Quanto mais se “descortina” a operação Lava Jato maior é o acirramento do descrédito e do ceticismo da população e a percepção de que a corrupção é endêmica.
Na visão dos eleitores, historicamente os políticos disputam pleitos para garantir o poder da “troca de favores”: seja para indicar cargos de confiança, conseguir vagas de trabalho para amigos e familiares ou benefícios pessoais com empresários ou até mesmo a propina.
Esta leitura sobre a “troca de favores” percebe a política como algo pessoal, onde os interesses individuais estão acima do bem comum e está é uma visão da maioria da sociedade. Está presente no depoimento estarrecedor de Emílio Odebrecht, no comportamento de muitos políticos, nas declarações de eleitores em grupos focais e em várias práticas cotidianas pelo país afora.
É sabido que o cerne deste dilema se encontra no conceito de reciprocidade. No princípio da reciprocidade destaca-se a “pessoa” e não o “indivíduo”, onde ocorre uma troca que é personalizada por uma pessoa moral. E dentro deste princípio existem diferentes tipos de trocas, que são legitimadas como “algo natural”, que faz parte do dia-a-dia. No princípio da reciprocidade é onde ocorre a fusão entre a representação e a mediação, que espera dos políticos a “atividade de despachantes”.

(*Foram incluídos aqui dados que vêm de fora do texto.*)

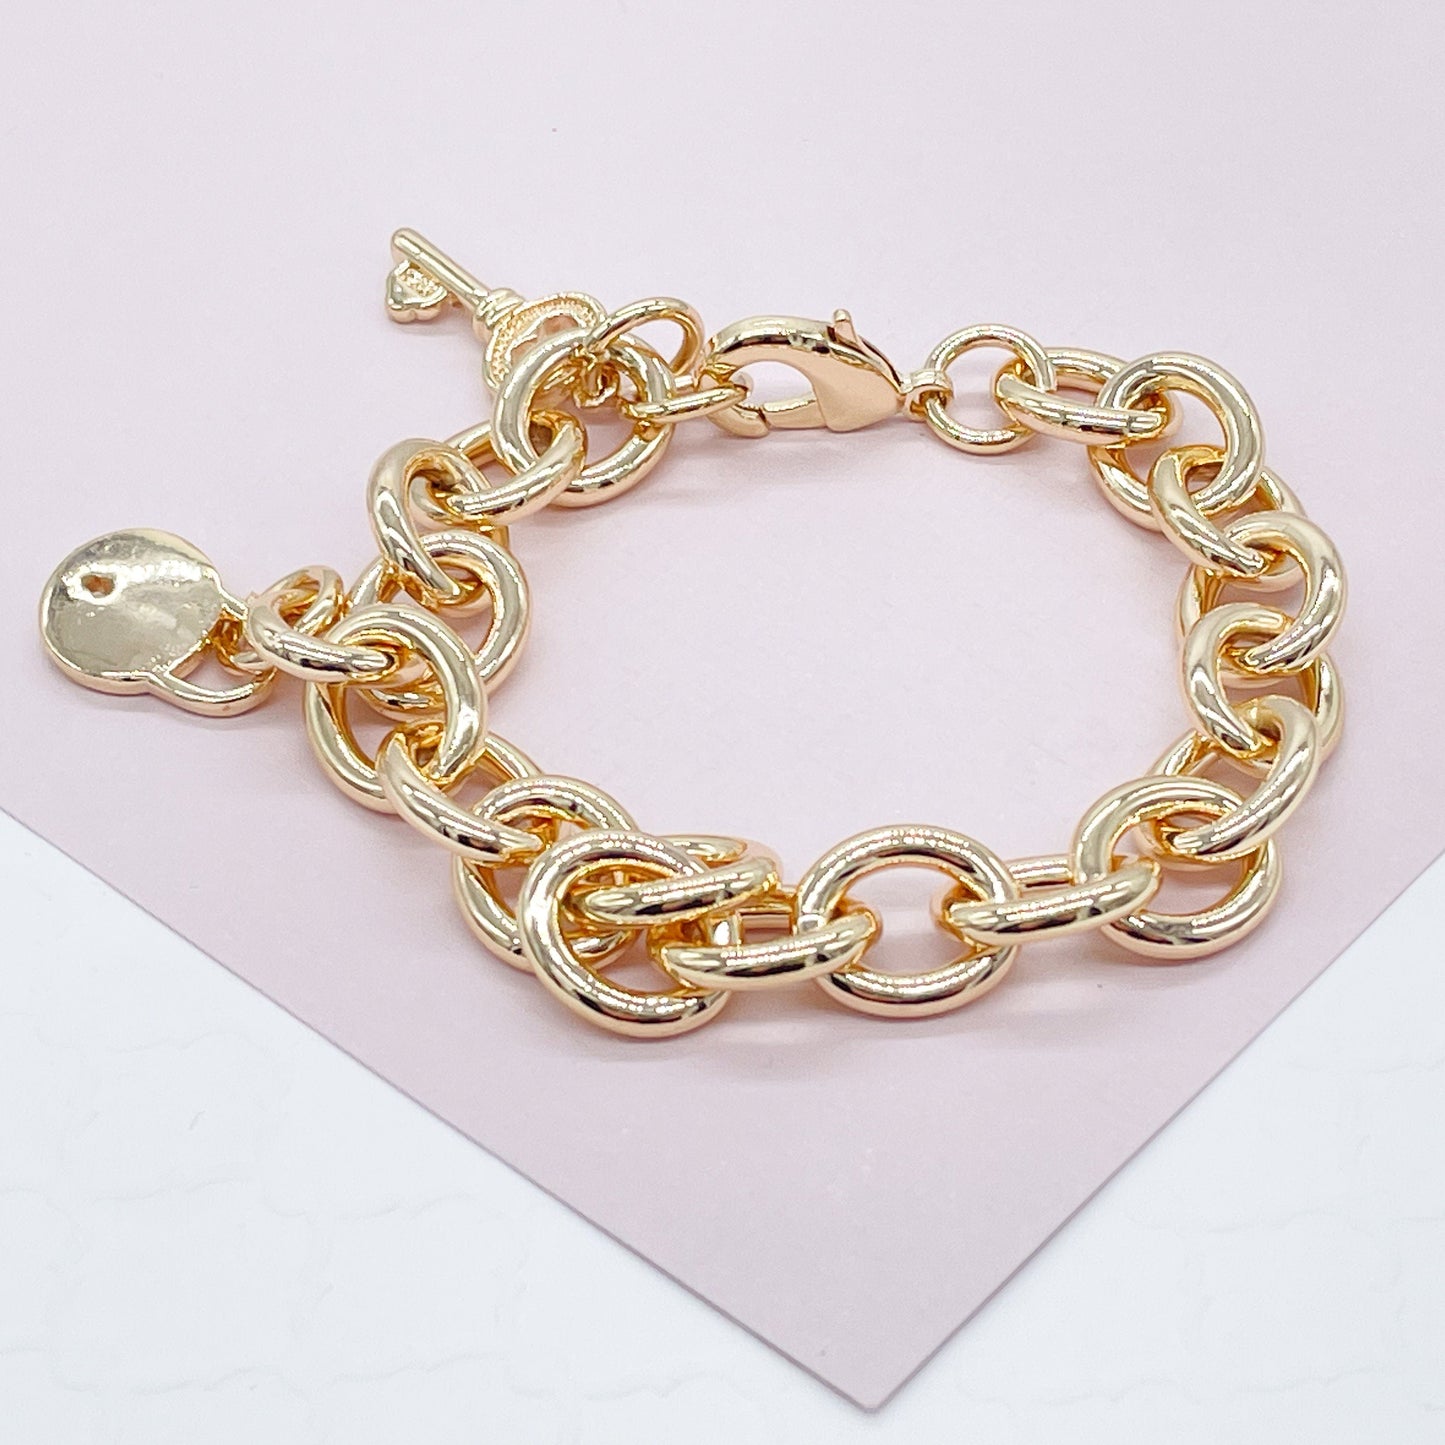 Chunky 18k Gold Layered Lock Heart And Key Bracelet Available in Gold, Rose

E a reciprocidade que alimenta a troca de favores, que leva ao jeitinho e a corrupção tem em sua base em outro vício permissivo da política brasileira que é o patrimonialismo, que faz com que o bem público seja tratado como algo pessoal e motiva os demais males do Estado que afetam a sociedade.
Os males que afetam o Estado e prejudicam a sociedade
1º) Corrupção – O mal mais notório neste momento. O problema da corrupção é endêmico e está enraizado nas instituições e na sociedade. É necessário descortinar a corrupção e desenvolver um sistema de debate que construa um regramento assentado em um novo contrato social com a sociedade, onde se pactue o que é certo e o que é errado, incluindo o debate do jeitinho.
2º) Burocratização/ ineficiência dos serviços públicos – Este é um mal que afeta muito a sociedade e estimula o descrédito com os gestores públicos. A população se questiona se a corrupção motiva a ineficiência ou a ineficiência é fruto da corrupção? Não há resposta para esta questão quando se lembra da burocracia e os seus dificultadores. O senso comum acredita que a burocracia significa “estado burro” ou “buromania”, quando é explícito o controle pela “mania” (fruto do interesse pessoal ou descaso) de um funcionário público. E neste campo os relatos do cotidiano permitem que muitos dossiês fossem elaborados.
3º) Privilégios – Este é um dos malefícios que permeiam o Estado e desestimulam a crença da população. É como se para “os amigos tudo e para os demais os rigores da lei”. Quando a população relata seu desalento com os privilégios arrolam desde altos salários até auxílio moradia, mas também a utilização do carro público para fins pessoais, o não cumprimento de horário pelo funcionalismo ou cargos de confiança, a utilização de um espaço público para fins comerciais e assim por diante.
4º) Taxação/ tributação – Este é o mal que fecha o raciocínio do eleitor. Além de haver corrupção, ineficiência de serviços e privilégios a sociedade é constantemente sobretaxada ou tributada para a cobertura dos rombos destes outros malefícios. O debate da tributação transcende os dilemas dos empresários e adentra a sociedade como um todo, com exemplos práticos de uma “bitributação social” em casos como pedágio X IPVA.
O debate sobre a “janela” que queremos ver com o “descortinamento” da operação Lava Jato deve fomentar uma leitura mais holística sobre os males que afetam o Estado e sobre a conexão entre os mesmos. As reformas são vitais e devem “passar o país a limpo” em um curto tempo histórico, e tal ação não poderá ser feita sem envolver a sociedade, caso contrário, mudam as regras, mas não o comportamento/ cultura.